As Willem’s years in the New Sharon area came to a close and he began contemplating a move back to the Pella area, he had the unusual situation of holding two farm sales within a year. On February 21, 1900, the New Sharon correspondent reported to the Nieuwsblad that Willem Van Wijk was going to hold a public auction the following week. The same reporter gave the following report and opinion on February 28: “Everything went fine by the auction of van Wyk. And it is no wonder: Porter from Pella was the auctioneer.” Given the timing of these events, it almost appears that Willem was trying to get rid of items prior to the traditional March 1 moving date. However, he did farm in the New Sharon area for one more crop season, as the Nieuwsblad of October 26, 1900, reports: “Last week Thursday there was a public auction at W. van Wyk, who will be moving to Pella before too long.”

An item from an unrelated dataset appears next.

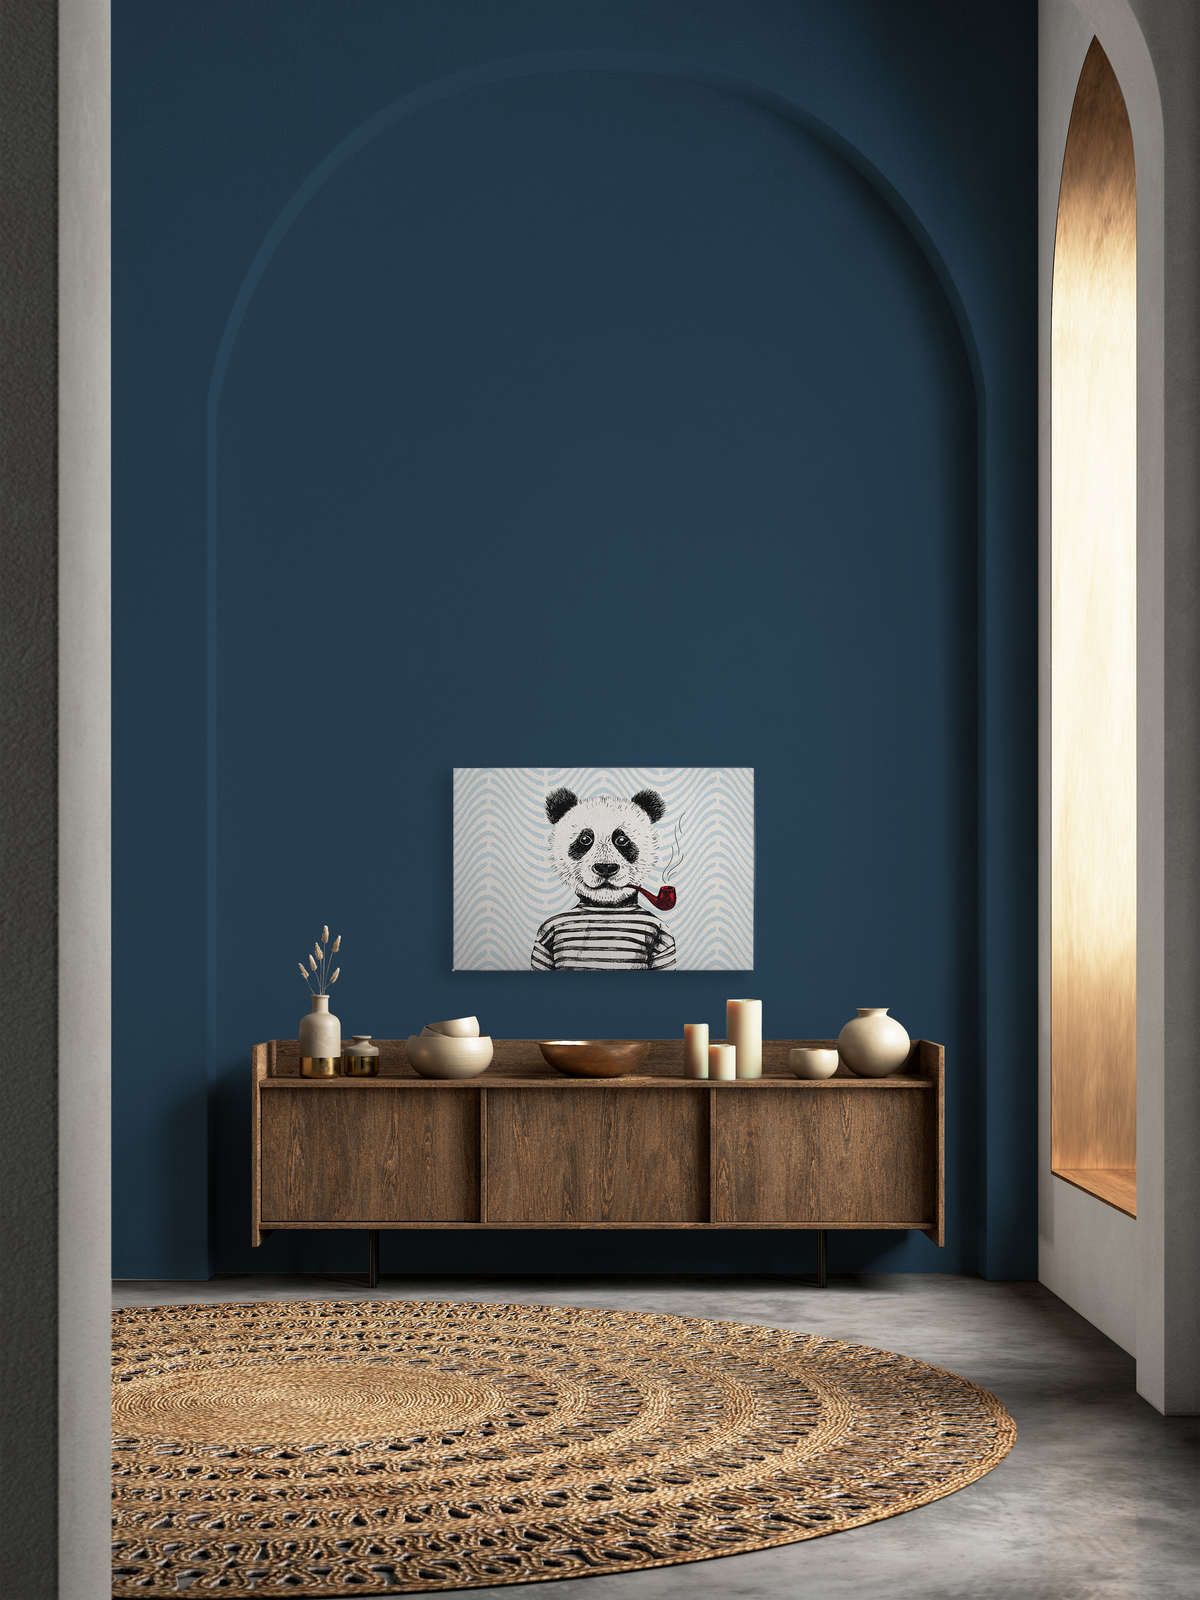             Tableau sur toile Style BD pour chambre d'enfant motif panda - 0,90 m x 0,60 m

Precisely why Willem decided to move back to the Pella area is unknown. But there are some indications that as he was aging, the loneliness of being a widower and the task of raising so many children was taking its toll. The reporter for the Nieuwsblad took note of this, and in his New Sharon, Iowa, column of June 1, 1900, he gave this somewhat humorous account: “Last Sunday the Widow van Dijk from Pella visited Wm. van Wijk. It is easy to understand that the old gentleman was as pleased as punch.” Apparently sparks didn’t fly, as the September 21, 1900, issue states “After having had a several-week stay here, on Friday Mrs. Van Dijk returned to Pella.” It is believed that this Mrs. Van Dyk was not staying by Willem but had children in the New Sharon area that she was visiting. In any event, the problem of Willem being a single father was not solved by this Mrs. Van Dyk; however, this situation would soon change alter his move to Pella.